And that today would be about the size of an American beaver.
So anything bigger than a beaver would die.
Anything smaller than a beaver, some would die, but some would survive.
And the things that turned into birds were not just the small dinosaurs, weirdly, it was some of the medium ones that were eating seeds.
Okay, because when there's like a nuclear winter, because the meteor hits and nothing can grow, the seeds can still live underground.
And so these little dinosaurs could go and still eat the seeds until everything got better.
And they were the ones that survived.
Wow.
And I wonder if that's, I think that's why today, like, birds, which are the things that survive from there, are the things that eat seeds.
Okay, yeah, that's really cool.
One thing that's descended from those guys are woodpeckers.
Oh, yeah.
And I just found what they do with their heads.
They bang their heads into trees at speeds of about 15 miles an hour, up to 12,000 times a day.
Whoa.
I mean, what must that be like?
Yeah.
Why don't they get headaches?
It's just.
We found this out for QI once.
I know they've got a weird tongue, haven't they?
Yeah.
It's kind of wraps around their brain, doesn't it?
Yeah.
I think they've got fixals or some kind of padding or something.
They've got some kind of special brain casing.
Yeah.
It sort of wobbles around in jelly.
It is amazing, though, isn't it?
Another headbanger is Deathwatch beetles, which repeatedly bang their heads on the floor to attract mates.
I've tried that, it doesn't work.
Done work back.
Oh, no.
Death Watch Beetle.
That's a metal band.
Deathwatch Beetles.
It's a metal tribute beetles fans.
I've got some.
I
decided to run a search for four times.
What things are four times as much as...
Oh, yeah.
Let me ask.
So there's some quite good ones in here.
So spider's milk, but you didn't know there was any, but some spiders produce milk.

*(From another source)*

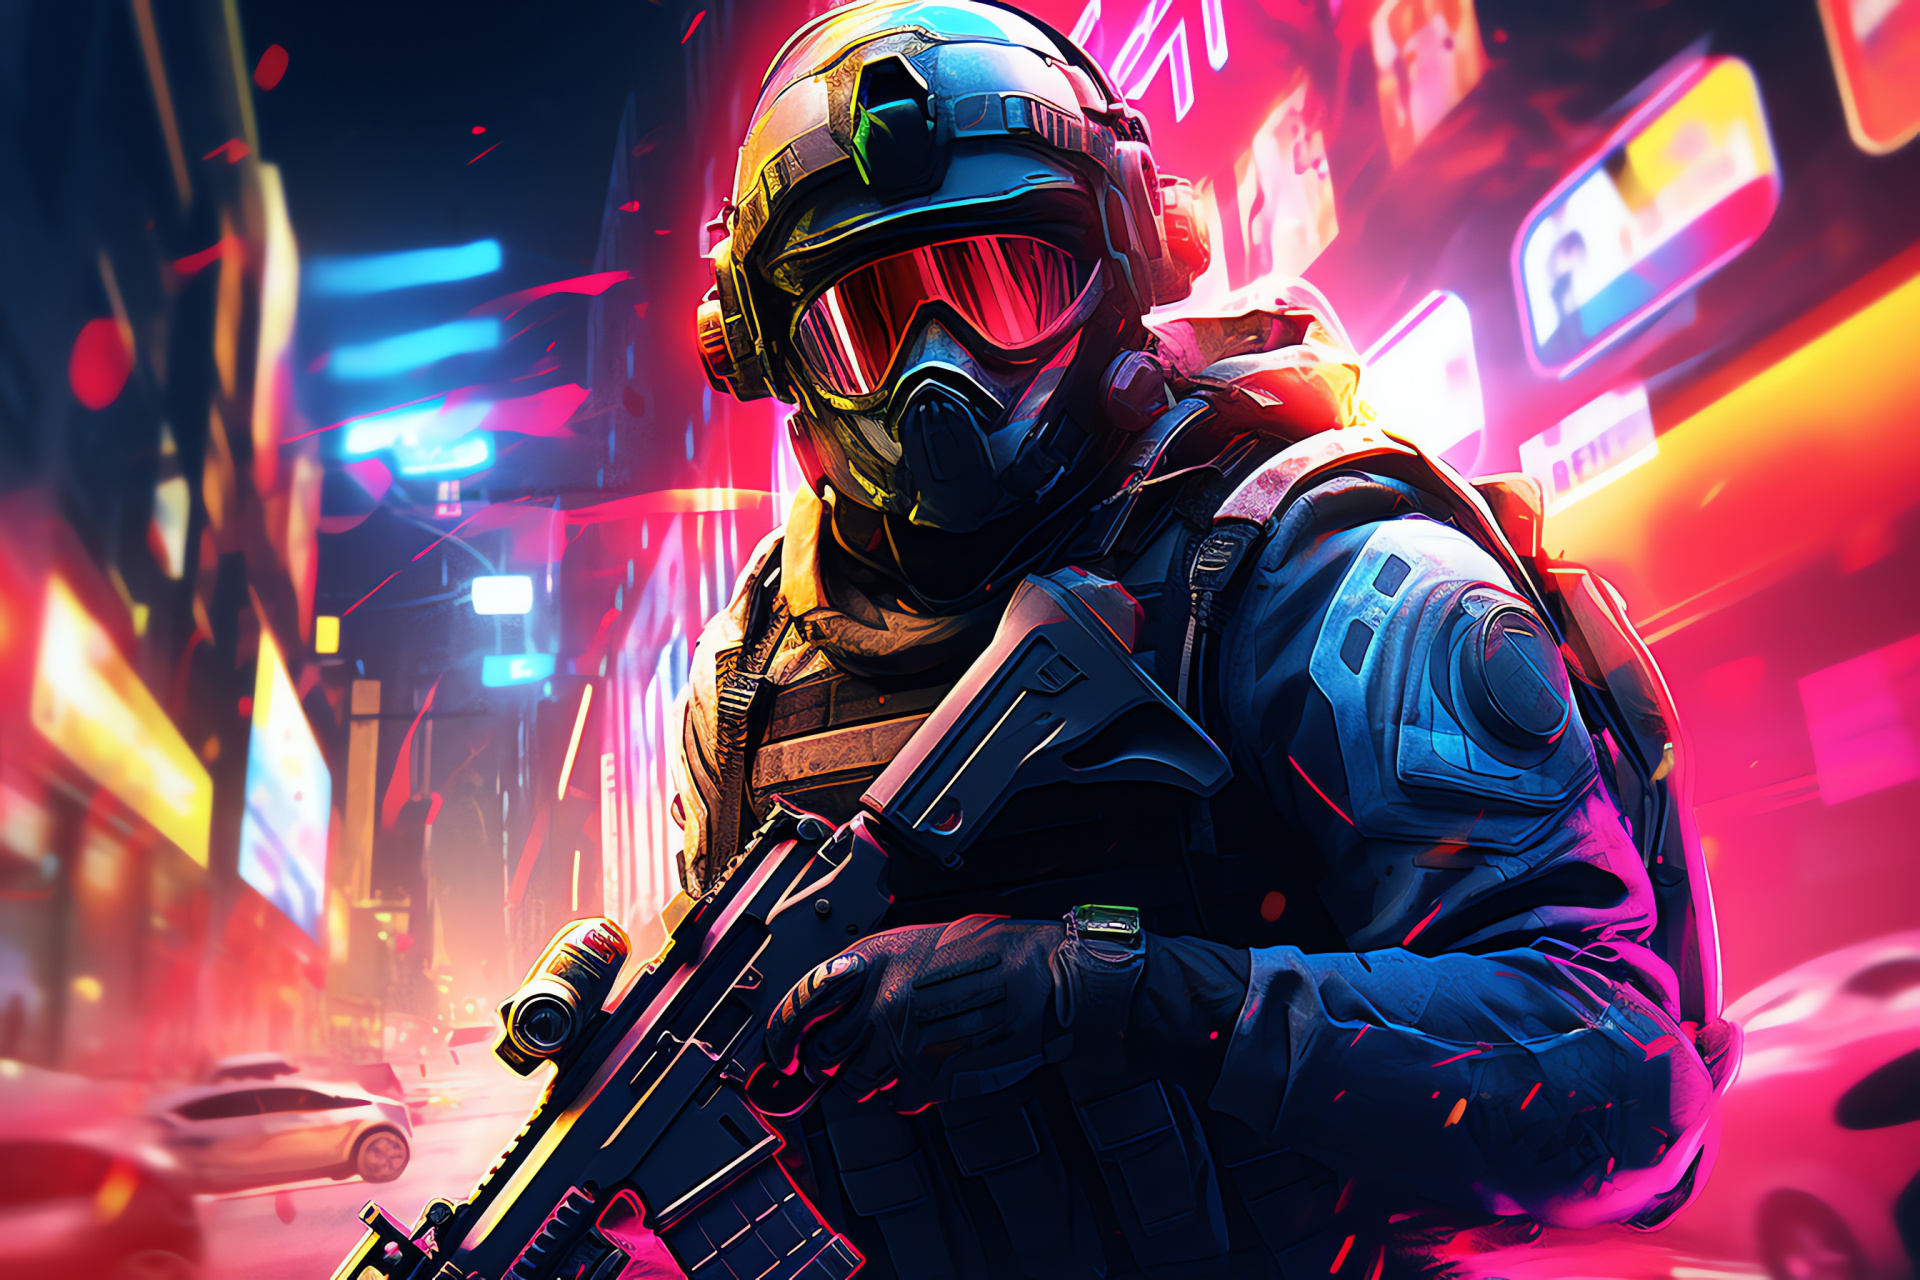 Point Blank 2018, Urban warfare scenario, Nighttime cityscape gaming, Skyscraper backdrop, Intense shooter action, HD Desktop Wallpaper

And spider's milk contains four times as much protein as cow's milk oh wow
they're hard to milk though aren't they i reckon like you get more from a cow's udder than you do from a spider's udder just go and said milk the spiders i'll be back in two months when i've got enough so uh and chimpanzees expend four times as much energy walking on either four or two legs than humans do Wow.

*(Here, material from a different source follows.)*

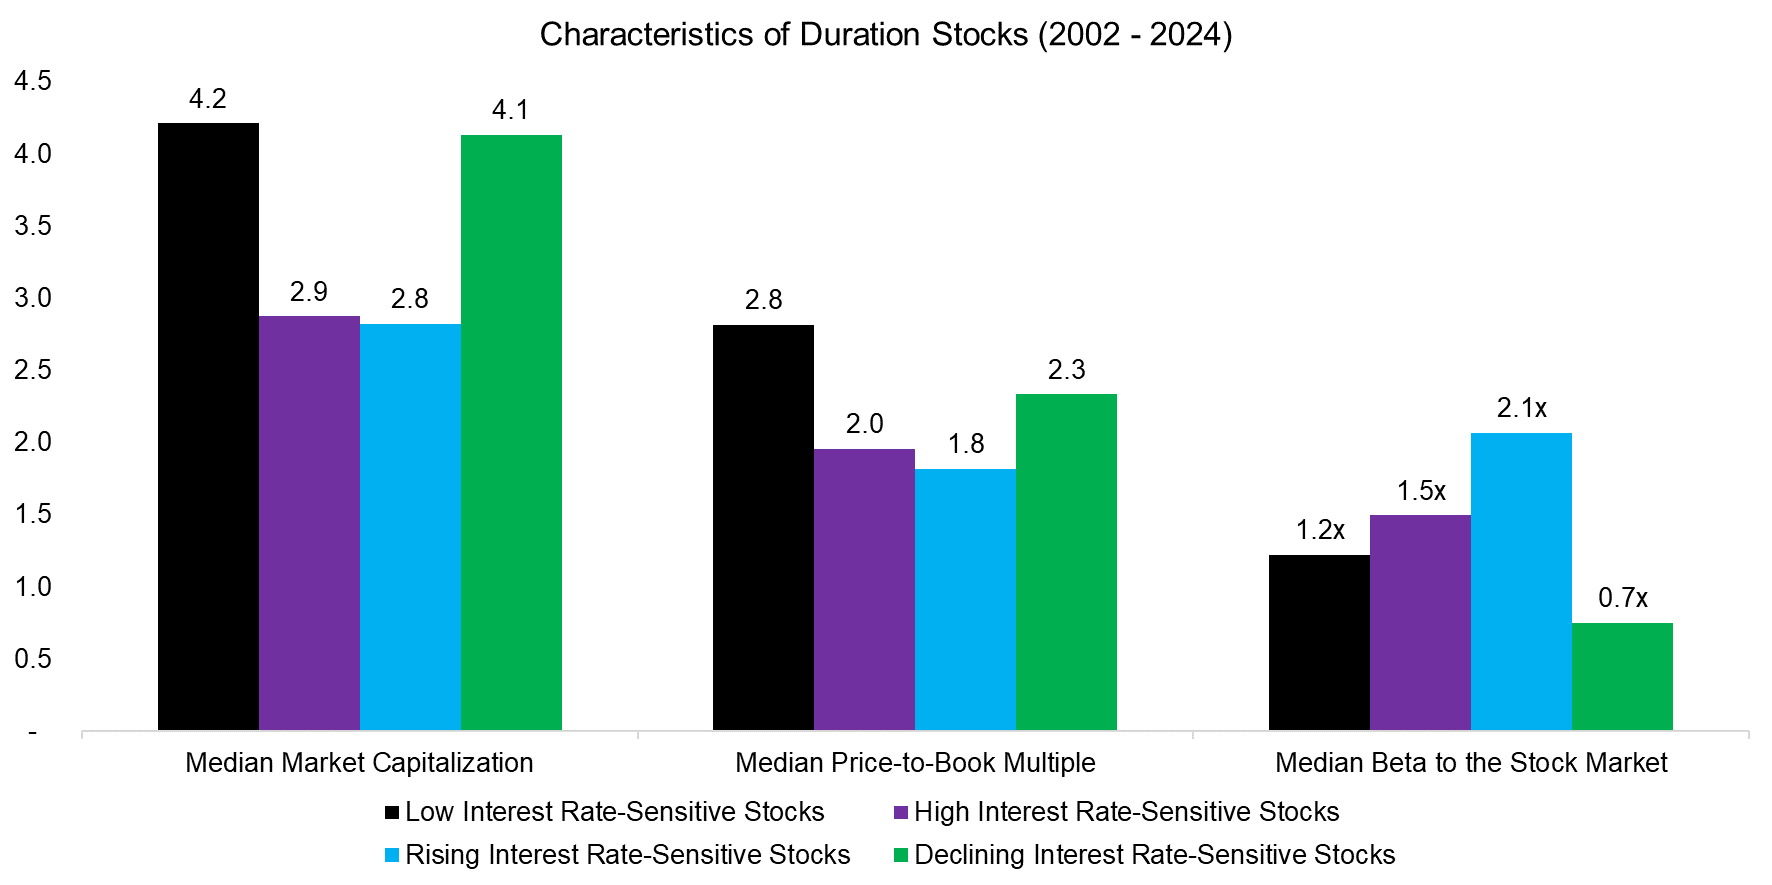 Characteristics of Duration Stocks (2002 - 2024)

It's really hard for them walking, yeah.
I wonder why that is.
Exhausting.
I don't know.
They've got huge upper bodies, haven't they?
That must be tiring.
Yeah.
The T genome is four times longer than the coffee genome.
So that's discovered by Chinese geneticists.
And this one is astonishing.
Almost four times as many people are murdered as are killed in wars.
Wow.
Isn't that a shock?
Yeah, wow.
Yeah.
I mean, some of us would say that being killed in a war is murder.
All right, Jeremy Corbyn.
Okay.
I'll get that out.
Well, we've had a lot of guests today, Jimmy Carr, Jeremy Corbyn.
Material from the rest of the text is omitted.